Adaptation at the municipal scale in the US Mountain West: What drives action in the face of weather and climate-related hazards?

Lisa Dilling (1,2,3,4), John Berggren (1,2,3), Ashwin Ravikumar(5), Krister Andersson(1,6)

Abstract
Cities are key sites of action for developing policies on adaptation to climate change. Recent research has focused on barriers to adaptation and documented the lack of adaptation implementation despite recognition of the importance of the issue at the international and national scale. Given the research already underway on barriers to adaptation, we chose to focus instead on the drivers of adaptation—why communities choose to take adaptive action. Because many communities are not yet engaged with climate change adaptation, we instead chose to focus on adaptation to existing natural hazards, such as floods, droughts, blizzards, and the like, as a analog for understanding the drivers of adaptive behavior toward climate change risks.
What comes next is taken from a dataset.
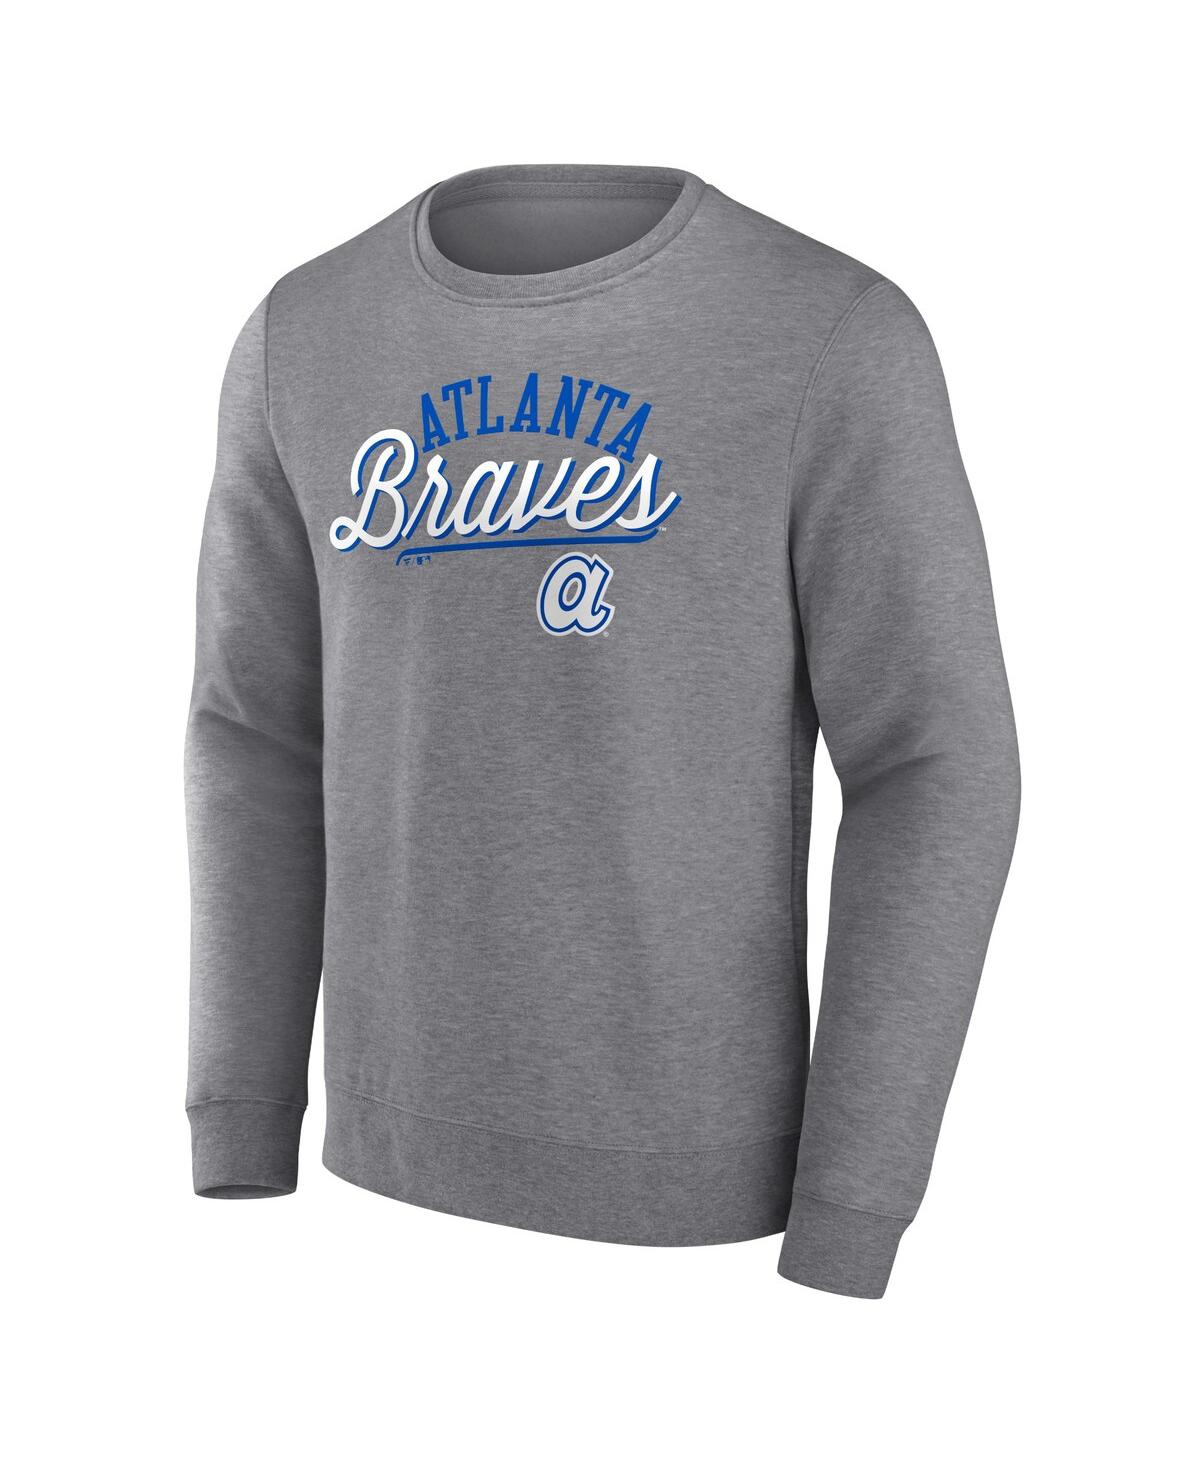 Shop Fanatics Men's Heather Gray  Atlanta Braves Simplicity Pullover Sweatshirt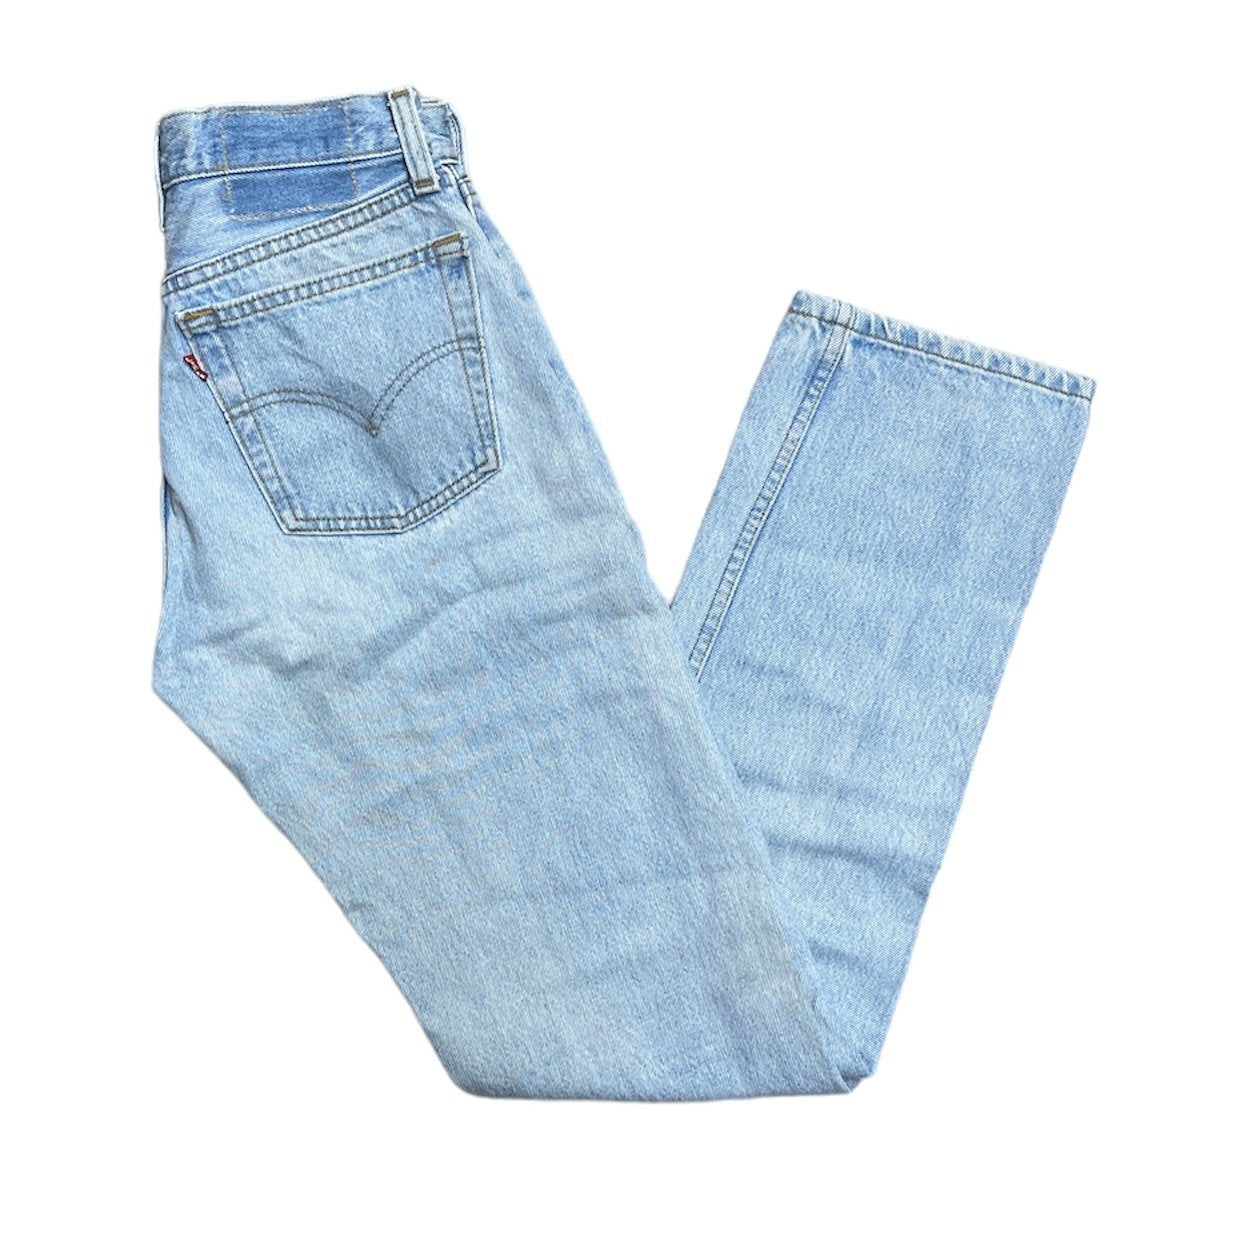 Vintage Levis 501 Light Blue Jeans (W26/L32) (W)

We studied U.S. municipalities in the intermountain west states of Colorado, Wyoming and Utah. These municipalities experience extreme climate events such as flooding, droughts, wildfire, blizzards, hailstorms, and tornadoes on a regular basis, some more recent examples being the Black Forest Fire and the 2013 Front Range Floods. To assess responses and planning to natural hazards and extreme events in the region, we conducted face-to-face and phone interviews with multiple key informants in a randomly selected sample of 60 municipalities with populations over 10,000. We asked about the perception of risk of weather and climate-related hazards, past events, responses taken (if any), planning activities, and the role of informal community groups, state and national policies, and other influences on municipal actions. We find that communities do indeed take a variety of actions in the face of weather- and climate-related risks, but that no single driver can explain differences in these actions. Rather, different drivers seem to correlate with different types of actions taken, and we suspect that combinations of drivers are necessary for adaptive action.